1 large clove of garlic, smashed

1 long sprig of sage

1 tsp whole peppercorns

1 ½ tbsp salt

1 tbsp sugar

1 c rice wine vinegar

1 c water

1 quart-liter size glass jar with lid

Carrots with Rosemary

4 medium carrots, peeled, cut into rounds and steamed until tender

1 small yellow onion, trimmed and thinly sliced

1 large clove of garlic, smashed

1 long sprig of rosemary

1 tsp whole peppercorns

1 ½ tbsp salt

1 tbsp sugar

1 c apple cider vinegar

1 c water

1 quart-liter size glass jar with lid

1. Combine vinegar, water, sugar, salt, peppercorns, onions and garlic in a medium saucepan and heat over medium heat. Simmer until salt and sugar is dissolved and onions are tender, about 4-5 minutes, and then remove from heat.

2. Meanwhile, place herb sprig in jar. Next, layer the prepared vegetables with the cooked garlic and onions. Finally, pour the heated liquid over the ingredients in the jar, cover with lid and place in the refrigerator.

3. Allow to pickle for about one day. Fresh pickles will keep in the refrigerator for about 3-4 months.

Makes 2-3 cups of pickles


November 4, 2010

Blue Potatoes with Broccoli and Caramelized Onions

Blue potatoes are lovely and enticing, especially because the color, which runs through both the skin and flesh in some varieties, is maintained after cooking. Like all potatoes, blues originated in the Andean highlands of South America. Anthocyanin pigments provide both the color and the antioxidants found in these potatoes. Blue potatoes are versatile for cooking, starchy enough for mashing but also moist and waxy enough to hold together for salads and side dishes. I love blue potatoes served with other brightly colored foods mashed carrots and roasted bell peppers.

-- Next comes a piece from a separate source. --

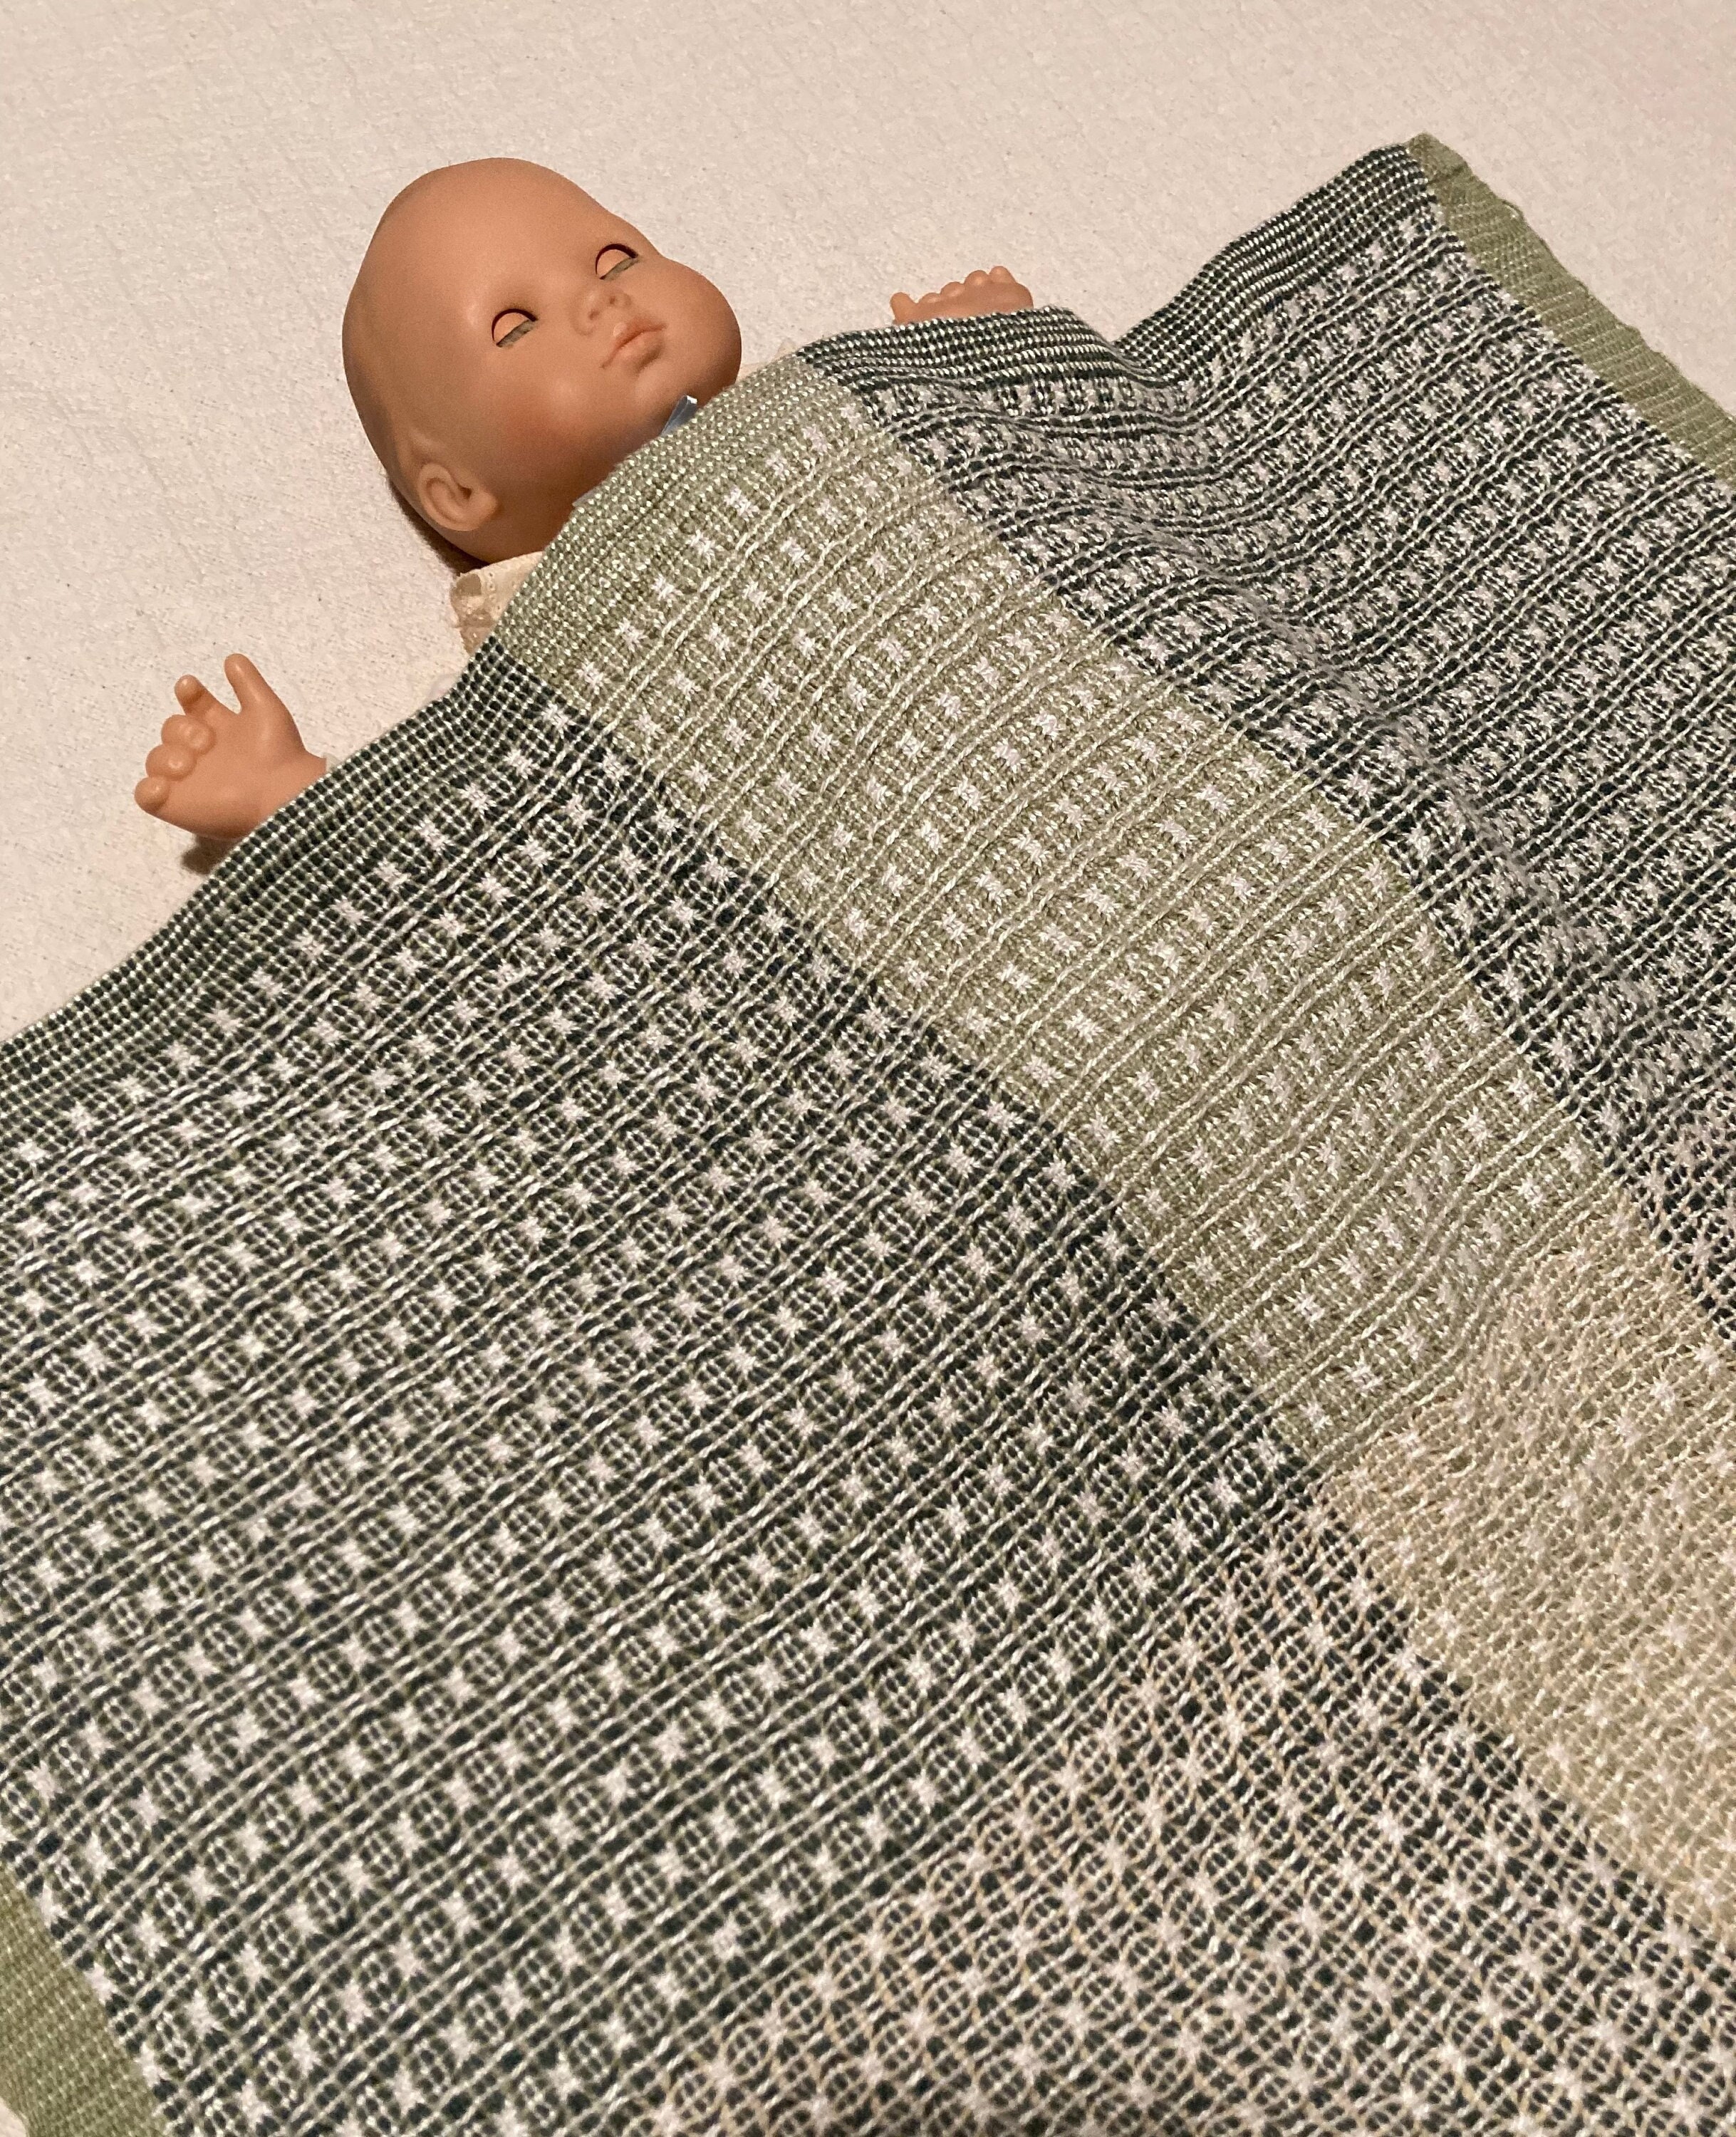 Handwoven Baby Blankets Part 2 – Berry Lake Fiber Arts

Though I am particularly fond of the blue potato's color, any variety of new potato will work well for this dish. The flavor of parsley contrasts well with that of the potato, but most fresh herbs may be used as a substitute.

1 small bunch of broccoli, stemmed and cut into florets

1 medium yellow onion, peeled and sliced

1 red pepper, trimmed and finely diced

¼ c parsley, trimmed and finely chopped

1 clove of garlic, finely chopped or pressed

1 lb small new potatoes, washed and left whole

2 tbsp olive oil

1 tbsp butter

salt and pepper

1. Steam potatoes on steamer rack set over boiling water until tender to a knife, 20-30 minutes depending on the size of the potatoes. Remove from heat once and allow to cool. Once cooled, halve potatoes, place in large mixing bowl and set aside.

2. Meanwhile, heat 2 tbsp olive oil over medium heat in a medium skillet, add onion, and cook, stirring often until caramelized to a deep golden brown, 15-20 minutes. Remove from heat and add to the potatoes.

3. Bring a medium pot of water to a boil. Add broccoli and blanch until brilliant green and slightly tender, 1-2 minutes. Remove from heat, strain and place broccoli under cold running water to stop the cooking process. Once cooled, place broccoli in a clean dishtowel, dry gently and add to potatoes and onions.

4. Melt 1 tbsp butter over medium heat in a medium skillet. Once the butter is melted, add red pepper and sauté for about one minute. Remove skillet from heat, add parsley and garlic, stir to combine and allow to cook for another minute.

5. Gently combine all ingredients in the large mixing bowl. Season to taste with salt and pepper. Serve warm, room temperature or chilled depending on preference.